24
juil

Je hais les acteursLe décor : Hollywood, du temps de ses strass et de ses stress ! L’intrigue l’assassinat de trois acteurs, lors du tournage d’un film : «Le fils du destin». Les protagonistes : un producteur (Bernard Blier), un agent artistique (Jean Poiret), un fakir (Michel Blanc), une star (Pauline Lafont), un lieutenant de police (Guy Marchand), un journaliste (Jean-François Stevenin), un réalisateur (Wojtek Pszoniac), un acteur sur le retour (Michel Galabru), un scénariste (Patrick Floersheim), une secrétaire (Dominique Lavanant), etc. Maintenant vous pouvez oublier l’intrigue (elle n’est qu’un prétexte) et plonger dans le décor pour s’ébahir, rire et s’amuser, regarder ces merveilleux numéros d’acteurs. Vous en aurez jusqu’à plus soif. Et leur bonheur à jouer cette histoire, tirée du roman de Ben Hecht, est si grand et si communicatif qu’on se surprend à avoir délicieusement la chair de poule, tellement on aime leurs cabotinages et leurs truculences: Quand les acteurs jouent les acteurs avec autant de talent, le cinéma est encore plus magique. Le réalisateur Gérard Krawczyk, qui en est à son premier coup de main, a un sacré coup de patte. En signant à la fois le scénario, l’adaptation et les dialogues, en démontrant sa tranquille et sûre maîtrise de la mise en scène, il franchit paisiblement la porte pour entrer dans le club des grands. Son «Je hais les acteurs» est à mourir d’aimer. Et de rire.

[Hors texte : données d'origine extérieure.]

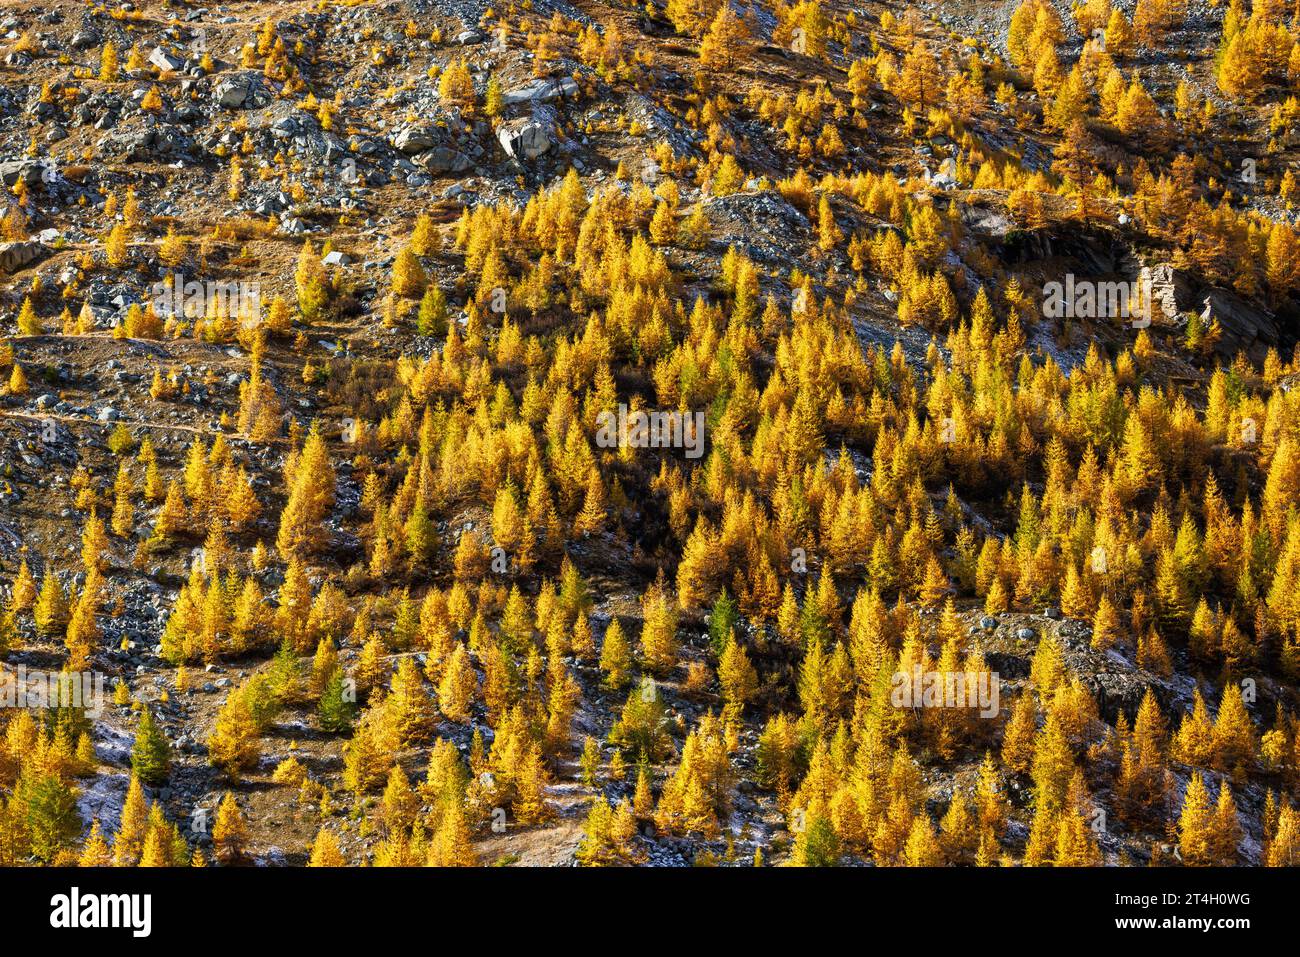 Wald von gelb gefärbten europäischen Lärchen (Larix decidua) und Mattmark Damm im Herbst in SaaS Almagell, Wallis Stockfoto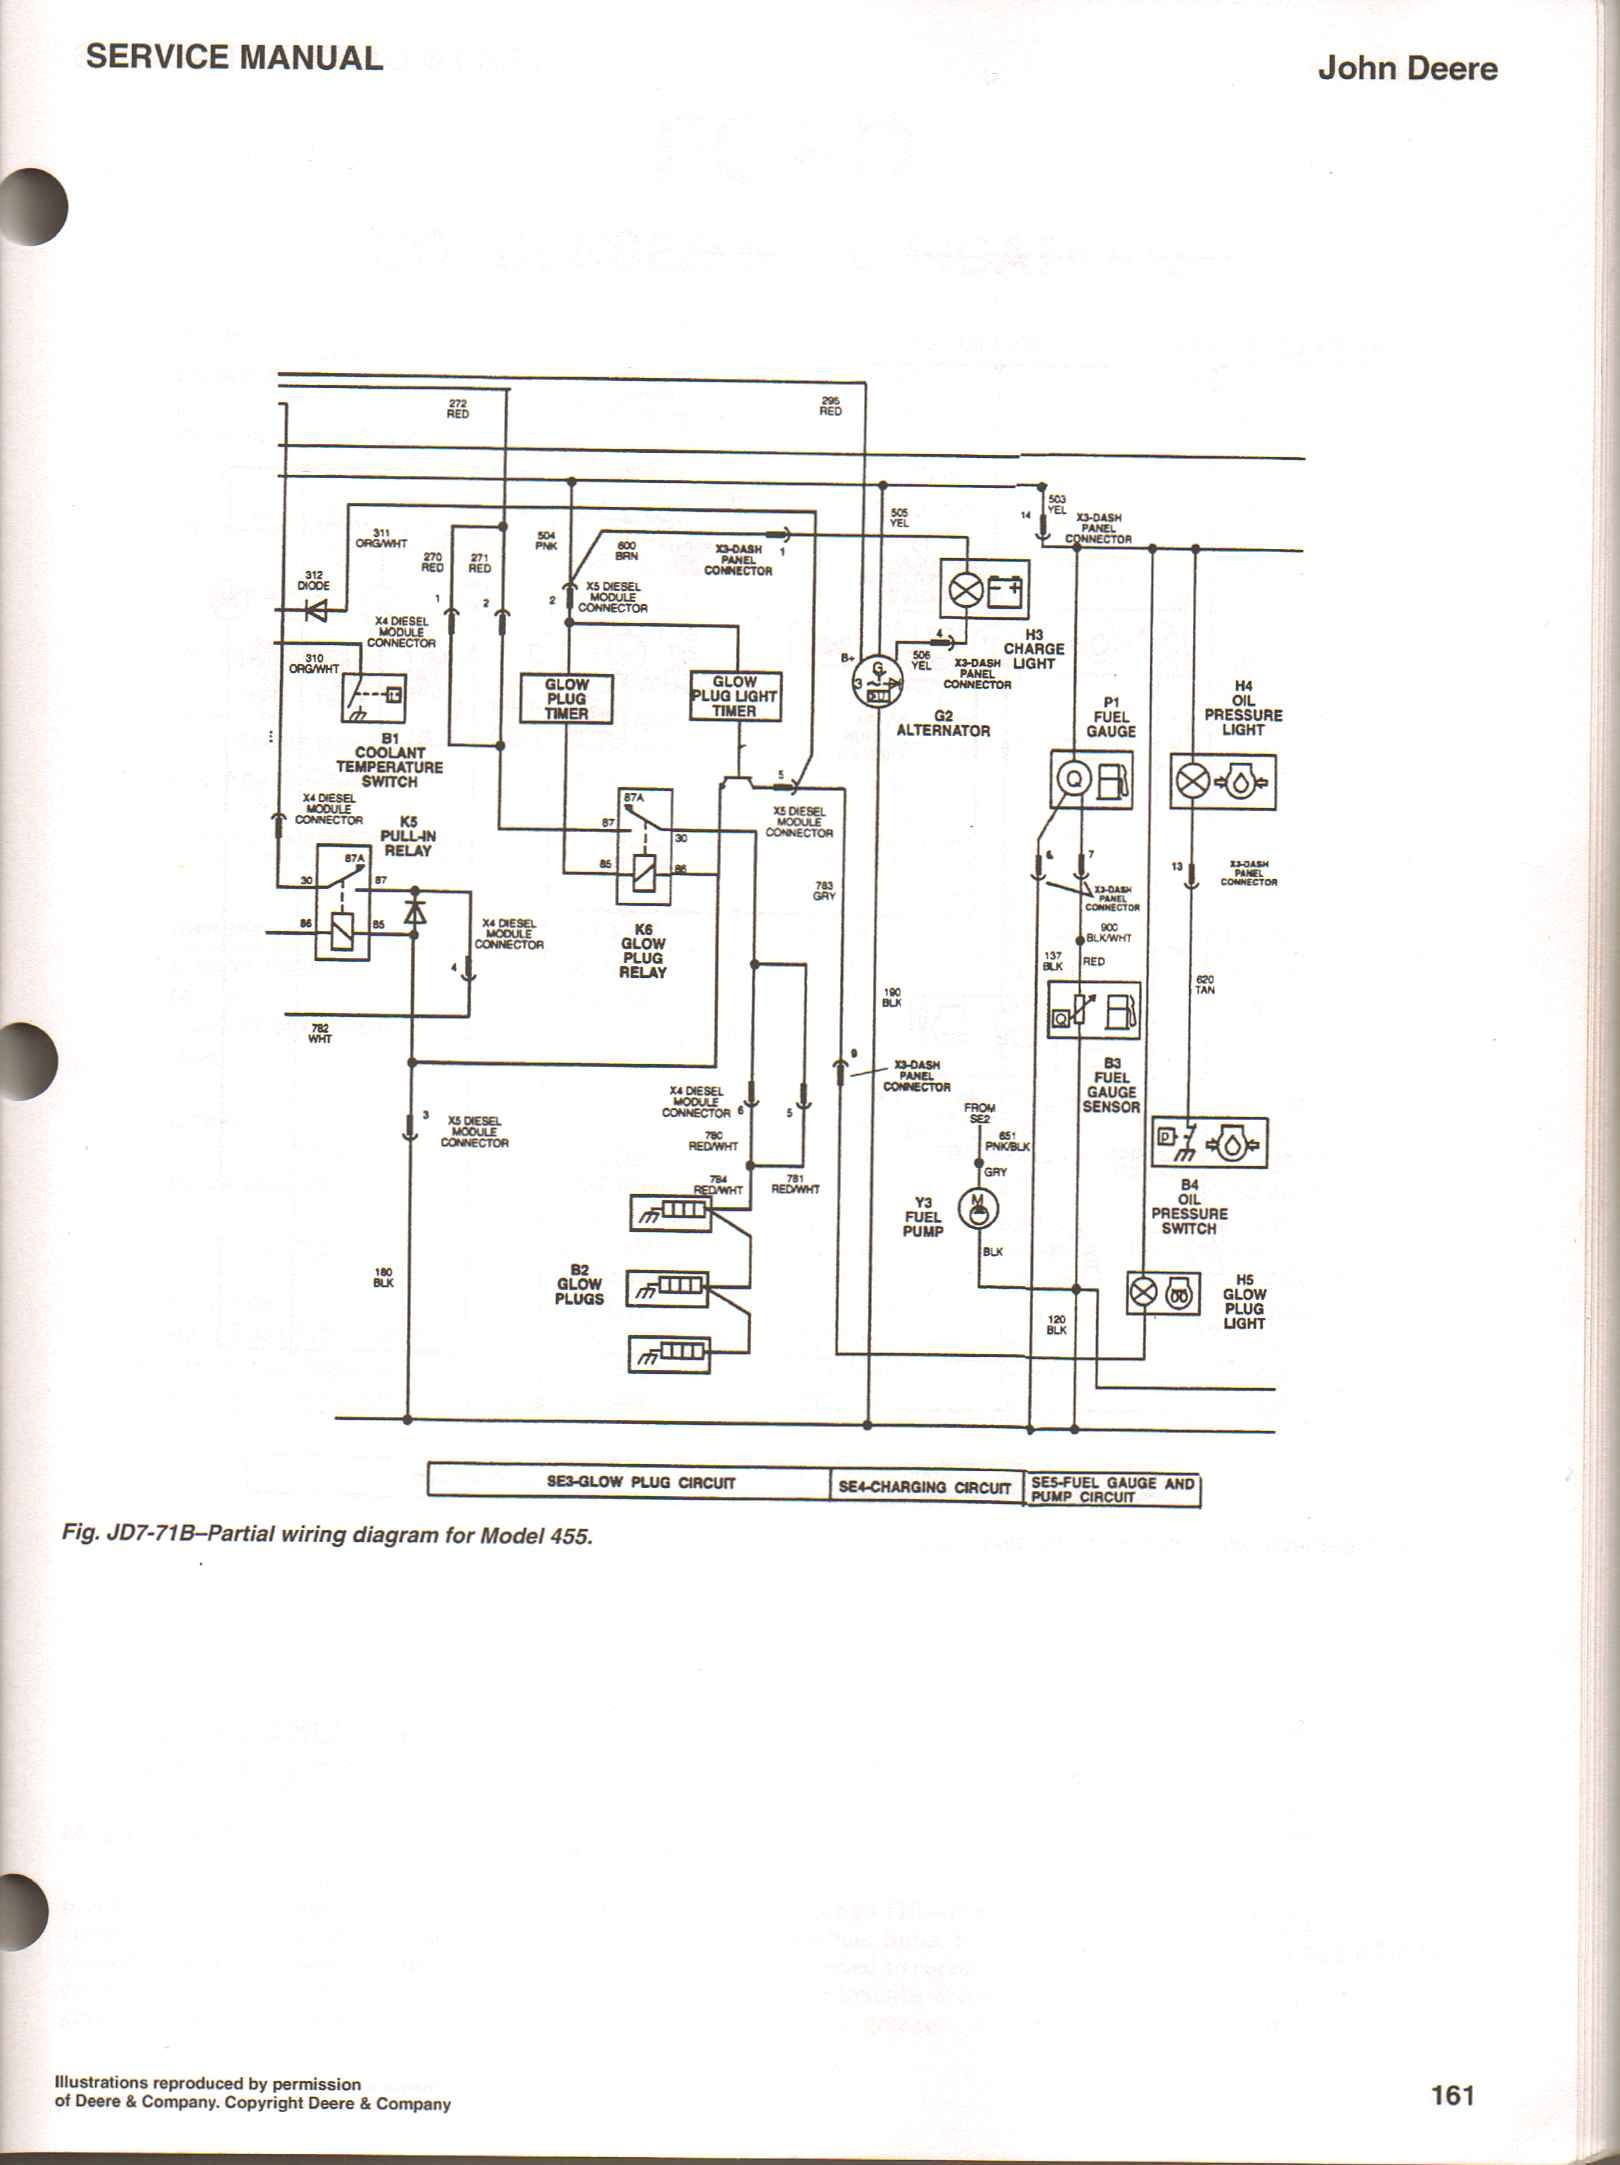 4020 Jd Wiring Diagram 4020 Lp Wiring Diagram Of 4020 Jd Wiring Diagram

P.S. Ce film a reçu le Prix Michel Audiard au cours du Festival de Deauville 1986.

Autour de minuit

Autour de minuitEn 1959, un des rois du be-bop, le sax-ténor Dale Turner, décide de quitter New York pour Paris où il a triomphé quinze ans plus tôt. Rongé par l’alcool et les préjugés raciaux, Turner (qui approche la soixantaine), décide de tenter sa dernière chance dans la capitale française où il se produit au «Blue Note», lieu de ses précédents exploits (et succès). Là il y rencontre Francis Borier, un jeune graphiste qui lui voue une admiration sans borne. Turner en fait naturellement son confident et son protecteur. Pour sa part, Francis essaie d’arracher le musicien américain aux démons qui le rongent. Tourné plus de deux ans après «Un dimanche à la campagne», le nouveau film de Bertrand Tavernier constitue d’abord un bel hommage à un certain jazz de la fin des années cinquante. Musical, ce film l’est incontestablement, mais sans le côté fast-food de certaines récentes productions du même genre. Ici, tout est plus diffus et désespéré par moments. Cela renforce lé-côté exceptionnel de la relation entre le jazzman et son fan qui finit par le prendre totalement en charge. A noter l’excellente interprétation de Dexter Gordon et de François Cluzet qui campent ces personnages si étonnants de justesse.